Law in Contemporary Society

The Suburban Feedback Loop

-- By PaulSmith - 16 Apr 2010

What Suburbs Do


America’s suburbs grew exponentially over the past century. The direct costs of suburbanization are well documented, including environmental degradation, oil and auto-dependency, and high infrastructure costs.

Many suburban economic externalities aren’t internalized to the cost of actually living in the suburbs. Similarly, many of the social costs of suburban living are culturally downplayed. Combined with a limited range of other housing options and a media that portrays the suburban family as the ideal, it seems safe to say that suburban housing demand is propped up by a number of factors.


Both political parties focus intensely on suburban voters. Less attention is paid to the role the suburbs themselves play in forming these voters' political preferences. Suburban and exurban communities create very unique social, physical, and political environments. When compared to their urban counterparts, suburban residents are often more isolated from other economic and racial groups, more auto-dependent, and more reliant on a different set of government services. Though the specific causal relations between these factors and suburban political stances is an issue for debate, studies of political preferences and general election results indicate that suburban voters are more conservative, more supportive of local government over federal government, and less invested in addressing economic disparities through government action.


These conservative and suburban policies themselves serve to perpetuate the suburban ideal while precluding other forms of development. Suburban-centric policies related to zoning, density, and parking often forbid the construction of dense or multi-modal neighborhoods. General conservative policies regarding low gas taxes, preference for highways over mass transit, opposition to school diversity bussing, and lax environmental standards all serve to make suburban living easy and cheap. Even people who would be interested in living in urban, traditional, or otherwise multimodal neighborhoods find themselves pulled away by cheap gas and stratified schools.

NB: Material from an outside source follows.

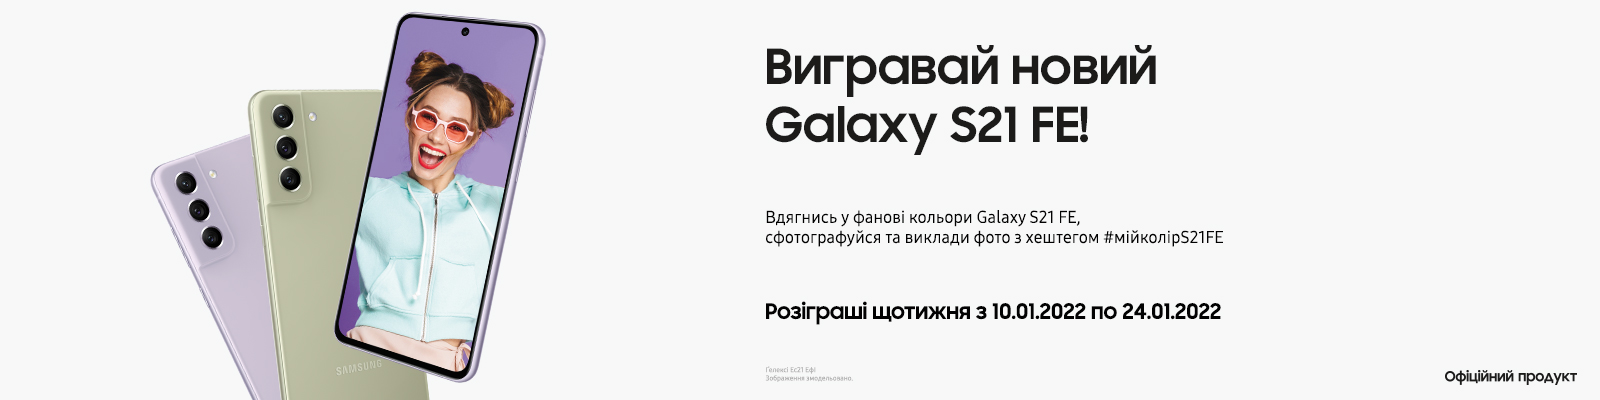 Виграй новий Galaxy S21 FE

And even if they still wanted to live elsewhere, they’d probably find few options on the table.

The Feedback Loop

America is very suburban. Suburbia creates a distinct class of more conservative, suburban voters. This electorate in turn enables policies which preclude the development of neighborhoods other than more suburbia. Which create more conservative, suburban voters. Breaking this cycle should be an imperative for anyone interested in advancing long-term progressive politics in America, mitigating the direct negative impacts of suburbia, or improving the quality of life for the elderly, the infirm, and those who would simply choose to live in multi-modal neighborhoods given the option.

Breaking the Cycle

How did we get here?

Many factors perpetuating our own suburban status quo were likely at play perpetuating the pre-suburban status quo. A variety of dramatic societal changes broke that pattern. Cultural perceptions of urbanity as dangerous and dirty pulled people to the suburban promised land. Racism and white flight emptied traditional middle class neighborhoods. The federal government injected incredible amounts of money into the creation of the interstate highway system, politically backed by the oil and automobile lobby and publically justified by national defense concerns. Privately owned mass transit systems were purchased and destroyed by automobile companies.


Many of these forces seem nearly impossible to play in reverse. Big rail isn’t going to buy our highways and destroy them anytime soon. Using racial fear to drive suburbanites into traditional neighborhoods is appalling and impractical. Less outrageous, but still unlikely, is the independent injection of federal money into alternatives to highways. Though the tone has shifted in this regard, any investment is unlikely to match the highway’s force in the 50s and 60s.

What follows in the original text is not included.